## Task statement
Please repeat the whole listing exactly, but leave the pictures out.

## Data extract
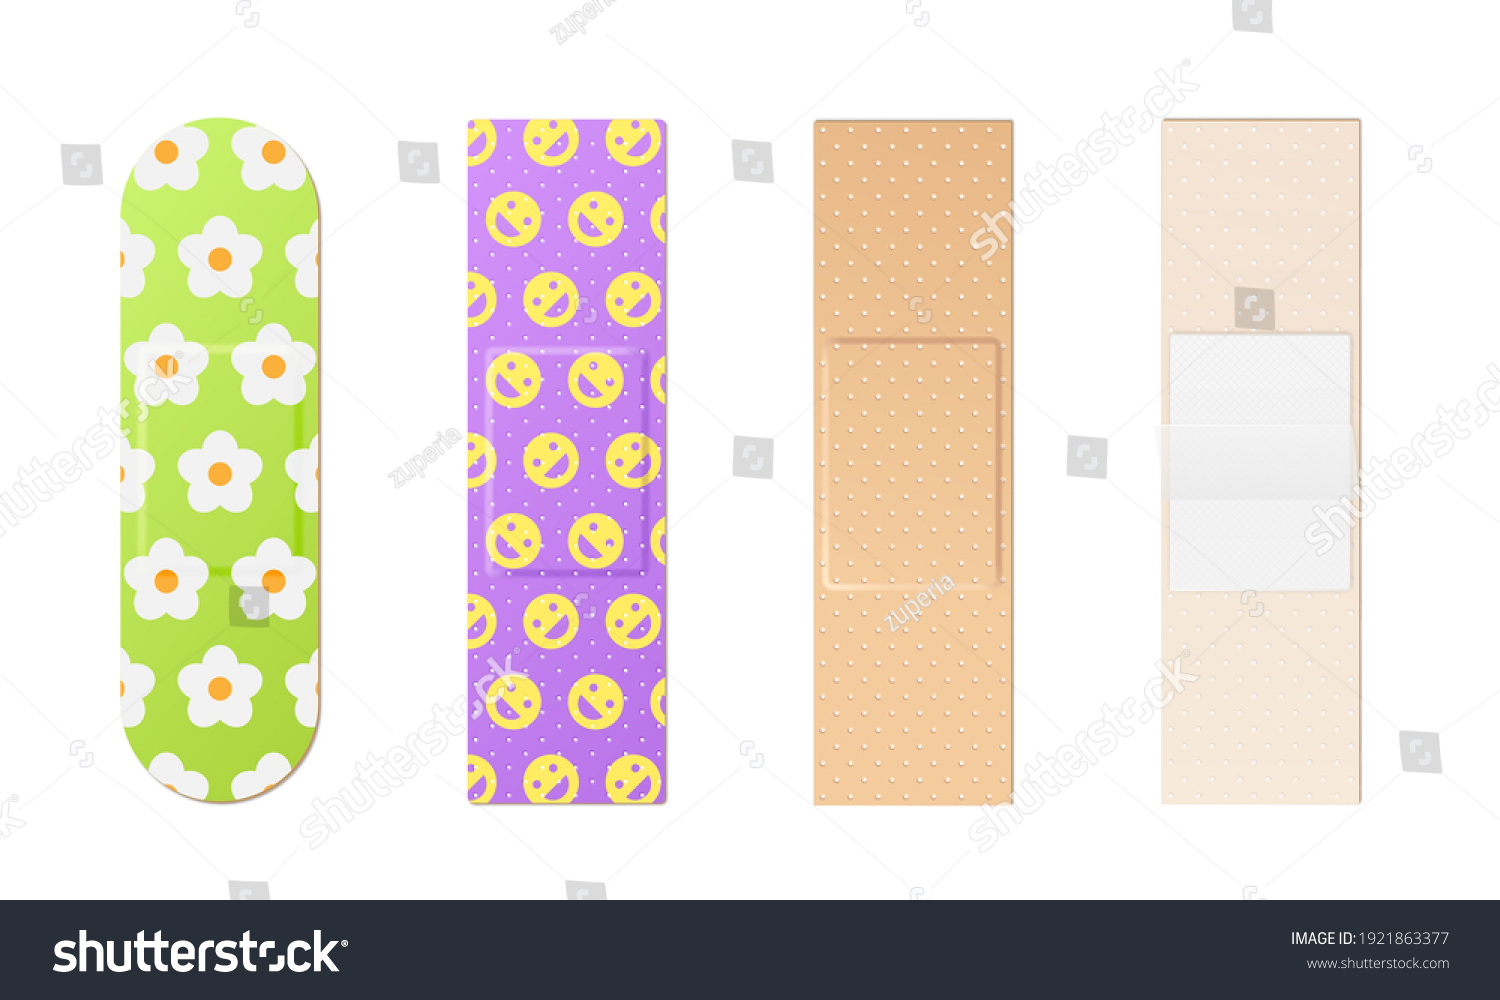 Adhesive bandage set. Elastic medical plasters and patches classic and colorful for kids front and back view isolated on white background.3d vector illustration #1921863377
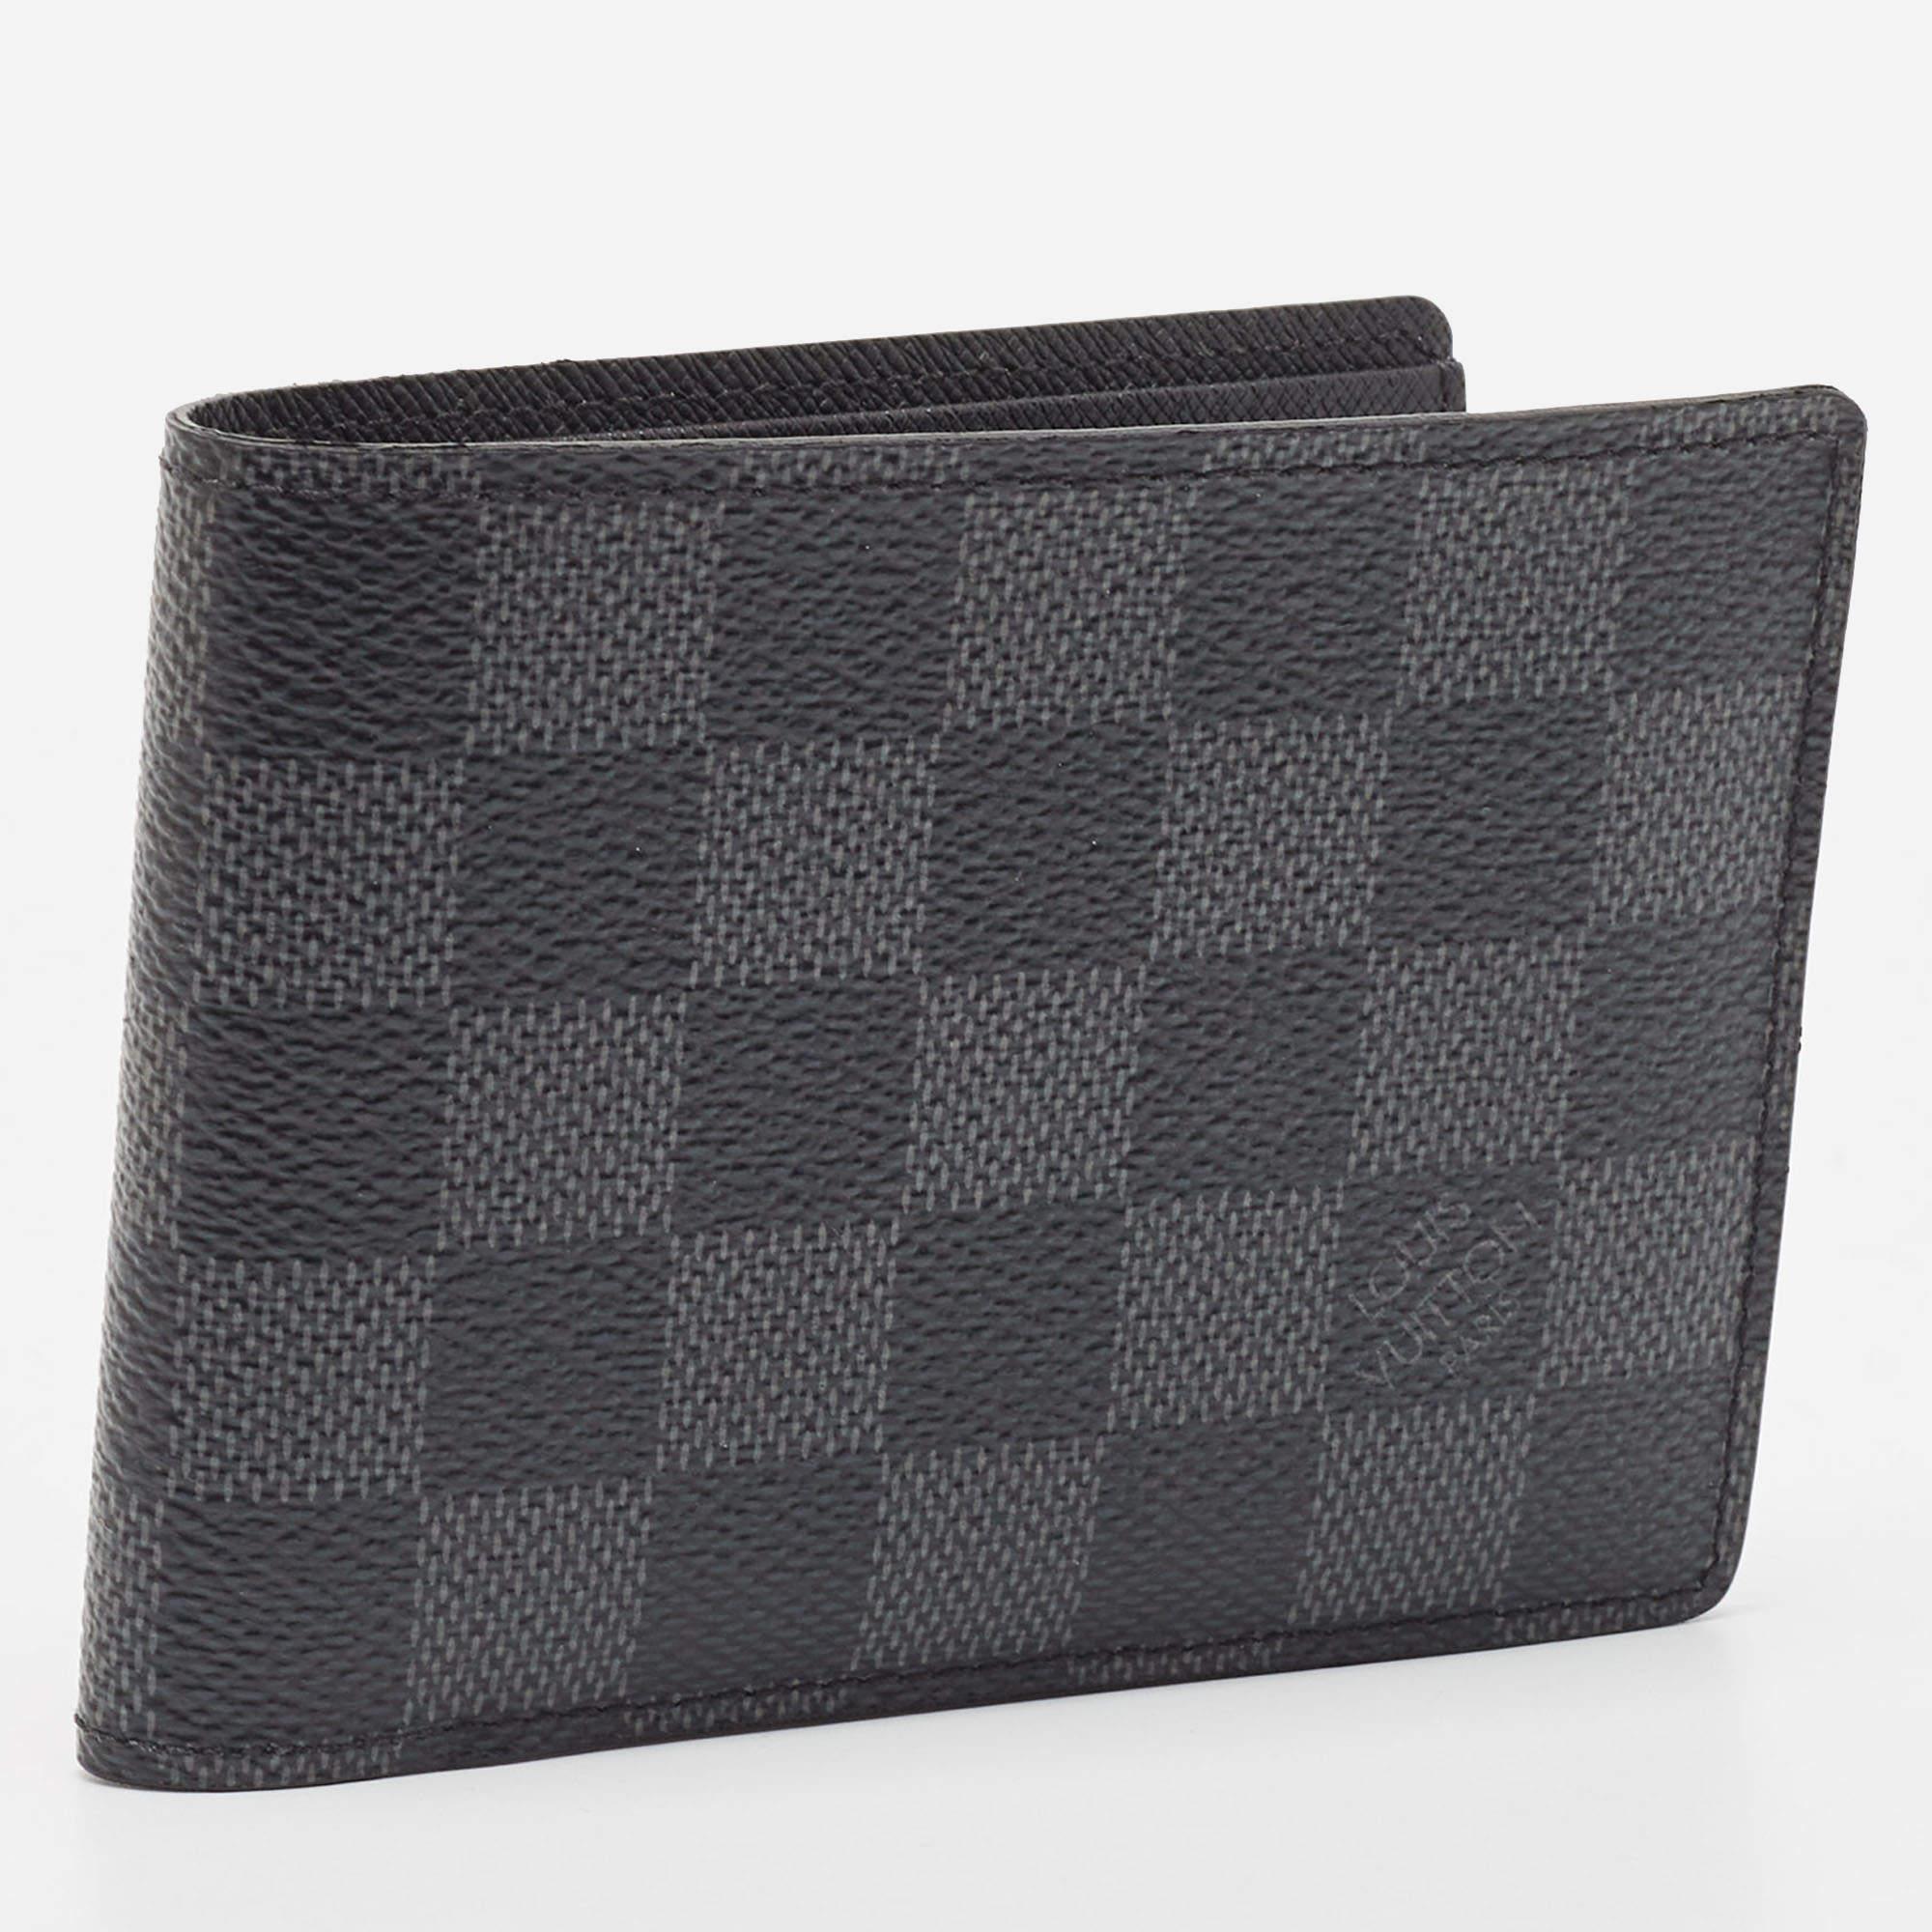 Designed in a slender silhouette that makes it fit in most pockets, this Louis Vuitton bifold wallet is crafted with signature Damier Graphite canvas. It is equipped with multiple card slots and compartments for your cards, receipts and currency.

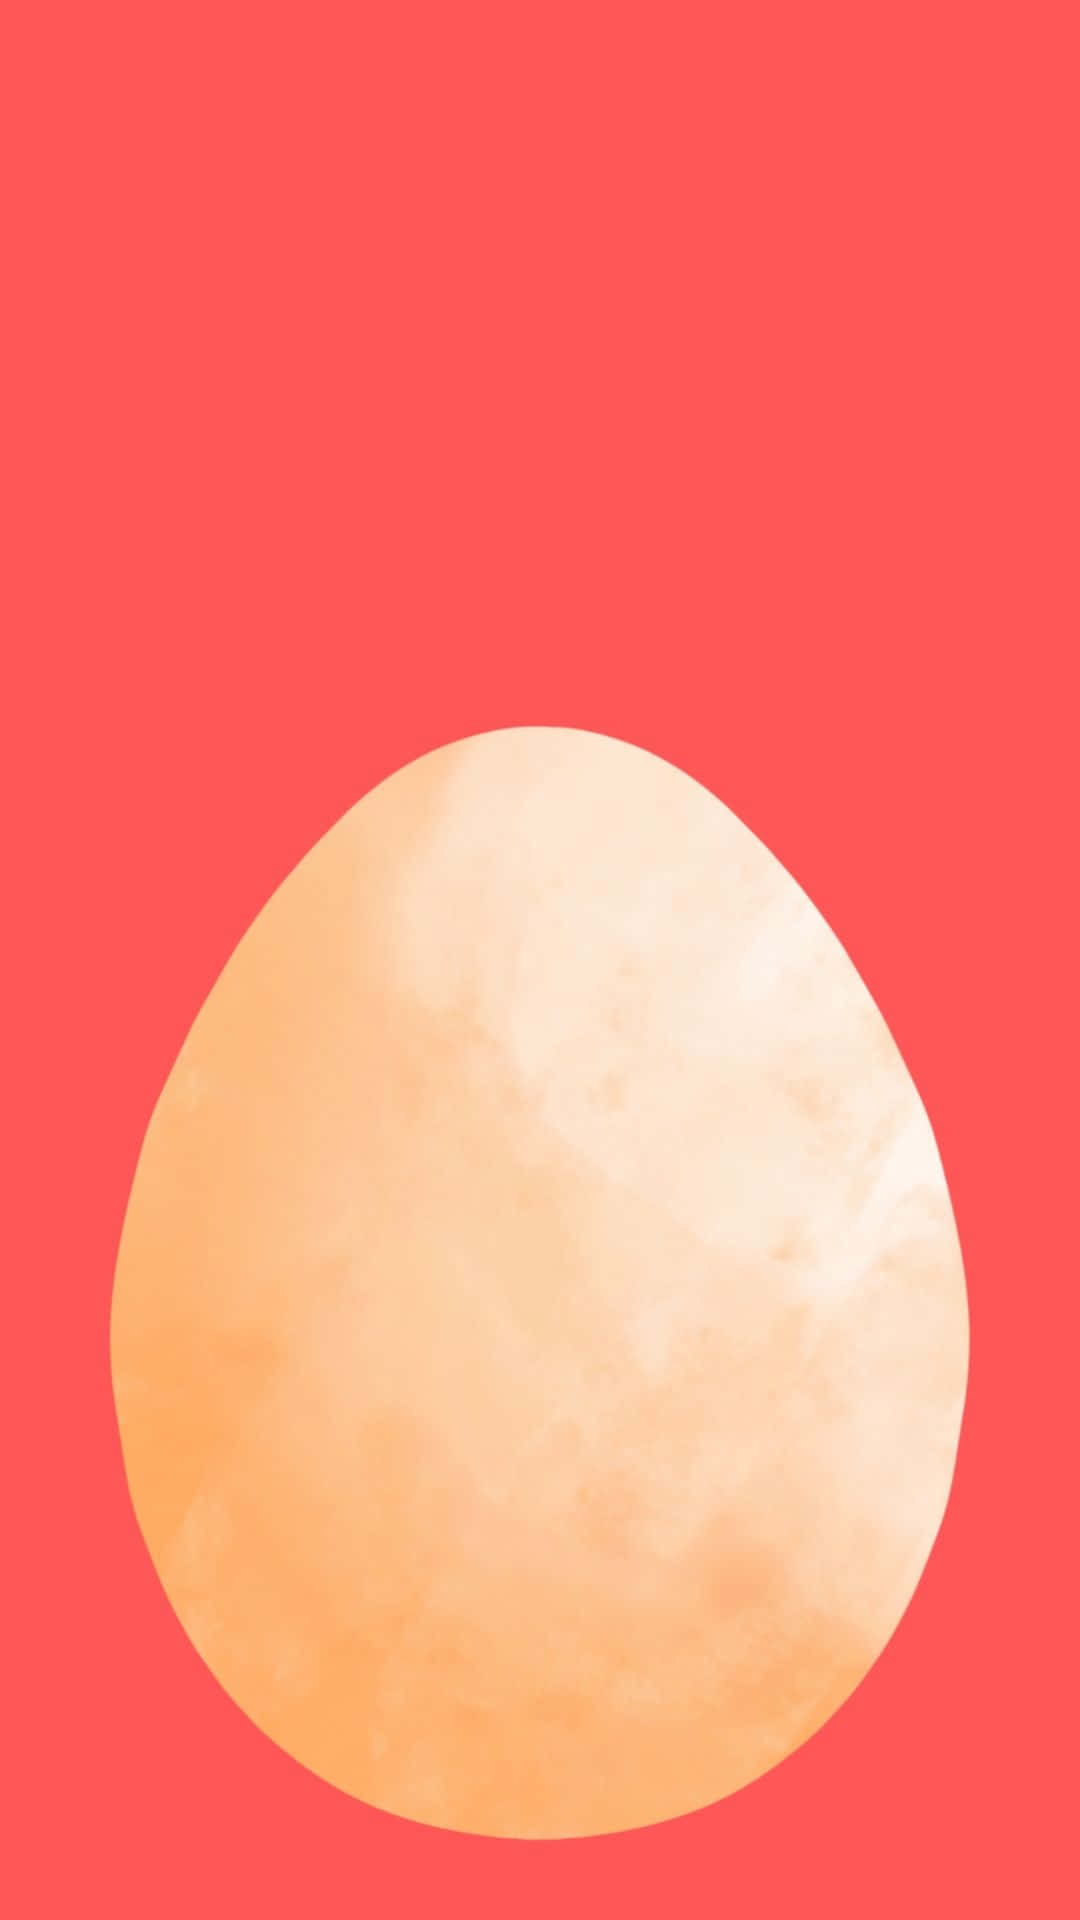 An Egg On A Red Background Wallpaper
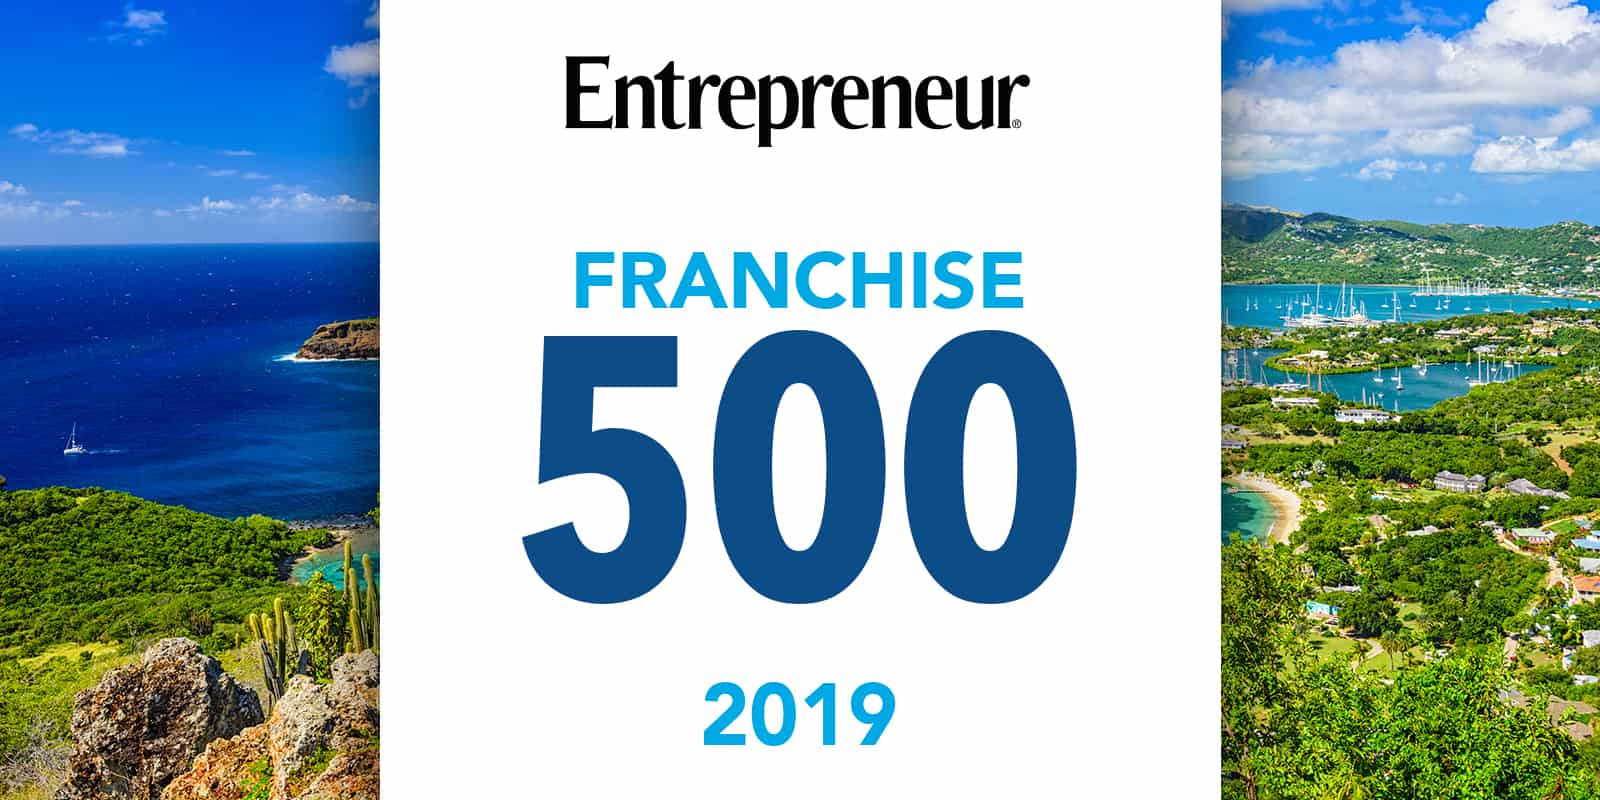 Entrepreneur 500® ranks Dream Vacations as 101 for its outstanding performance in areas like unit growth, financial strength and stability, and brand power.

## Answer to the problem
 Adhesive bandage set. Elastic medical plasters and patches classic and colorful for kids front and back view isolated on white background.3d vector illustration #1921863377
 Designed in a slender silhouette that makes it fit in most pockets, this Louis Vuitton bifold wallet is crafted with signature Damier Graphite canvas. It is equipped with multiple card slots and compartments for your cards, receipts and currency.

 An Egg On A Red Background Wallpaper
 Entrepreneur 500® ranks Dream Vacations as 101 for its outstanding performance in areas like unit growth, financial strength and stability, and brand power.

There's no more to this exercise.